Филип глядел на пару лежавших рядышком малюток, и ему бросилось в глаза выражение лица мужа: оно было таким хмурым и дышало такой яростью, что Филип был просто испуган. Он почувствовал у всей семьи злобную неприязнь к этим бедным крошкам, явившимся против её воли на свет Божий; у него возникло подозрение, что, не предупреди он построже, с новорождёнными случится недоброе. «Несчастные случаи» не были редкостью; матери умудрялись «заспать» своего ребёнка, неправильное кормление зачастую не было просто ошибкой.

– Я буду заходить каждый день, – сказал он. – Имейте в виду, если с ними что-нибудь случится, будет назначено следствие.

Отец ничего не ответил и только свирепо насупился. В душе он уже был убийцей.

– Сохрани их Господь, – сказала бабка, – что же с ними может приключиться?

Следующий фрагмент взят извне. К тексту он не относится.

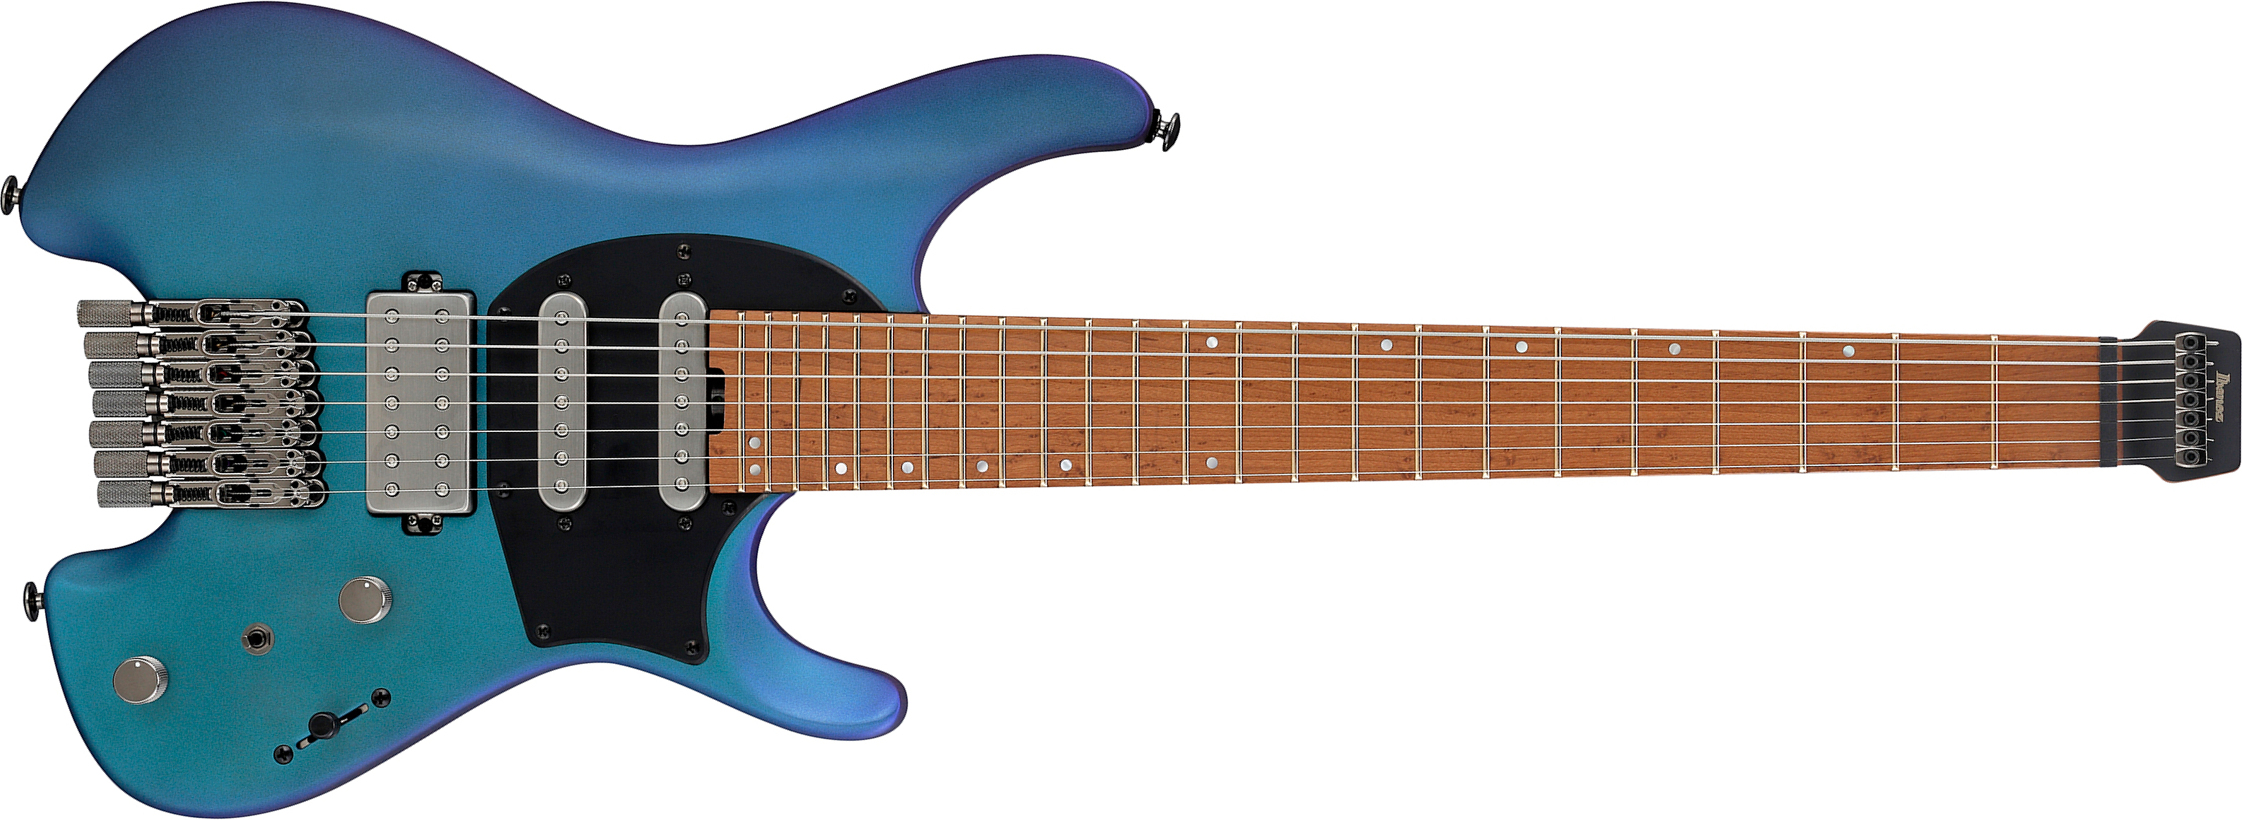 Ibanez Q547 Bmm Quest 7c Hss Ht Mn - Blue Chameleon Metallic Matte - 7 string electric guitar - Main picture

Труднее всего было удержать роженицу в постели десять дней – срок, на котором настаивала больница. Кто же будет вести хозяйство? Ведь даровых нянек к ребятишкам не сыщешь, а муж ворчит, вернувшись с работы голодный и усталый, что чай плохо заварен. Филип слыхал, что бедняки помогают друг другу, однако женщины часто жаловались ему, что не могут найти никого, кто бесплатно убрал бы им комнату или накормил ребят обедом, а заплатить за услуги нечем. Прислушиваясь к разговору женщин, ловя случайные обмолвки, из которых он мог знать многое, о чём не принято говорить, Филип понял, как мало общего у бедноты с более зажиточными классами. Бедные не завидовали знати – разница в уровне жизни была слишком велика; по сравнению с их собственным идеалом благоденствия жизнь средней руки мещанина казалась бедняку чопорной и стеснённой; к тому же мещан презирали за хилость и за то, что они не занимаются физическим трудом. Люди гордые хотели только одного – чтобы им не мешали жить, как им хочется, но и большинство мало интересовалось зажиточными людьми, если у них нельзя ничего урвать; беднота знала, как получить помощь, которую оказывают неимущим различные благотворительные общества, и принимала дары как нечто положенное ей по праву, пользуясь глупостью власть имущих и своей изворотливостью. Бедняки ещё кое-как терпели помощника священника, относясь к нему с презрительным равнодушием, но люто ненавидели санитарного инспектора. Эта дама приходила и распахивала у вас окна, не спросив разрешения и даже не извинившись («Плевать ей на мой бронхит, плевать ей, что я могу простудиться насмерть!»); совала нос во все углы, и, если не возмущалась вслух, что у вас грязно, по роже её можно было прочесть, что она это думает; «а им-то легко говорить, этим барыням, у них, небось, полон дом холуев, а вот посмотрела бы я, на что была бы похожа её комната, пошли ей Бог четверых ребят и заставь её жарить, и парить, и штопать, и носы вытирать».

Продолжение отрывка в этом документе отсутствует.